The Bizarre History Of American Human Experiments
Posted by Matt on February 22nd, 2010
I don’t think it too spoiler-y to tell you that Scorsese’s atmosphere-drenched “Shutter Island,” set as it is in a fictional 1950s mental institution staffed and populated by more than a few WWII vets, features several conversations about Nazi experiments on concentration camp prisoners. I’m sure you’ve heard about these atrocities – high altitude endurance tests, malarial infection research, sterilization projects, poisoned bullet experiments, etc. If you haven’t, turn on the History channel for two hours and you’ll hear about all of it, plus the Spear of Destiny and a computer simulated hypothetical melee fight between Hitler and a velociraptor.
Japan’s less notorious Unit 731, a black ops Imperial Army unit that, from 1937 to 1945, carried out horrific chemical and biological tests on Chinese and Korean prisoners, can offer an equally horrifying research project, if that’s the kind of thing that floats your pickle. What I want to do, though, is take a whirlwind tour of the creepy, grotesque, weird or otherwise cringe-worthy human medical experimentation that has occurred right here on American asphalt.
Due to the graphic nature of some of the experiments mentioned, we are putting the rest of this puppy AFTER THE JUMP…

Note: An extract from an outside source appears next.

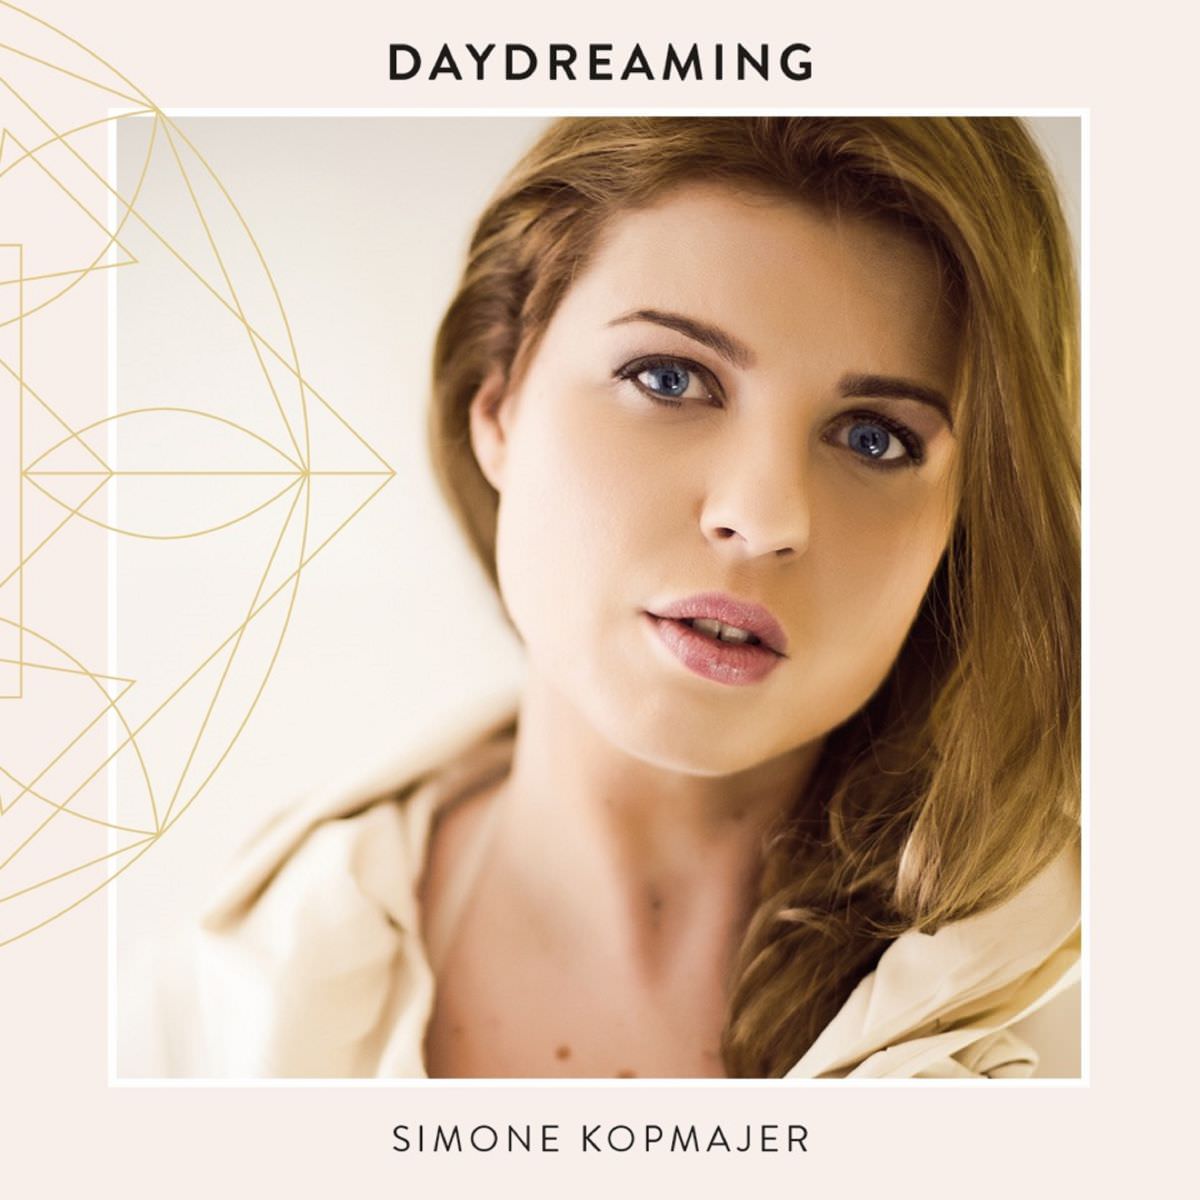 Simone Kopmajer – Daydreaming (2017) [HDTracks FLAC 24bit/192kHz]

During the early 19th century, when American medicine was still a loosely regulated syringe-scattered ethical free-for-all, respected medical professionals subjected prisoners, orphans and slaves to all manner of ickiness. J. Marion Sims, for example, who’s known today as the father of gynecology, was known yesterday as the high prince of vaginal hack-and-slash experiments as performed on enslaved African women sans anesthesia. Many of the ladies, some of whom underwent more than two dozen surgical crotch scrambles, died of infection while Sims used cobbling tools to reconfigure their babies’ skull bones (Sims believed trismus, a disorder that prevents infants from properly opening their mouths, could be cured through skull rearrangement). And if you think disenfranchised girlie bits had it bad in the 1800s, wait until you hear about what happened to disenfranchised manly parts in the 1900s…
For 33 years, Dr. Leo Stanley, San Quentin Prison’s chief of surgery, went testicle crazy. Those unfortunate enough to find themselves castrated by Dr. Stanley’s Knives of Sweet Baby Jesus You’ve Got To Be F***ing Kidding had their extracted pride replaced by one of two (well, really two of four) things: the verile cojones of a goat, ram or boar, or the retired balls of an executed prisoner. See, Dr. Stanley thought that the criminal instinct nested in a man’s marble bag, and could be
nullified if the marbles in question were replaced by those of a corpse. Dead people nards in live people sacks. He also thought livestock nuts could cure age-related impotence. (They can’t.)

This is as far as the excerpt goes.